Re: [Phys-l] Buoyancy again

["Robert Cohen" <Robert.Cohen@po-box.esu.edu>]

This is the way I look at it and am curious to see if it passes muster
(whatever that means).

1. The pressure in the warm blob increases due to the increase in
temperature.

2. The warm blob pushes against the cool surrounding air and expands.

3. Basically, it will expand on top and contract on the bottom (leading
to your rising bubble) and, with a lower density (having expanded) it
will continue to rise.  One way to see why is to break down the process
as follows:

3a.
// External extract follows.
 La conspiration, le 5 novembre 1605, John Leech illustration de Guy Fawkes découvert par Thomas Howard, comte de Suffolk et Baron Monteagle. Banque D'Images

First let the warm blob only expand vertically until the pressure at
the surface of the warm block is the same as the pressure of the cool
surrounding air at the surface.

3b. In hydrostatic balance, if the pressure between cool and warm is the
same at the bottom then the pressure cannot be the same above the
surface, since the the densities are different (dP/dz is proportional to
rho*g).  That means the pressure at the top of the warm blob is greater
than the pressure of the cool surrounding air (at the same height).

3c. Due to the pressure difference at the top (greater pressure in the
warm blob), the top of the blob expands sideways.

3d. The increased air on the sides increases the pressure near the
surface in the cool air.

3e. Due to the pressure difference at the bottom (greater pressure in
the cool surrounding air), the bottom of the blob contracts.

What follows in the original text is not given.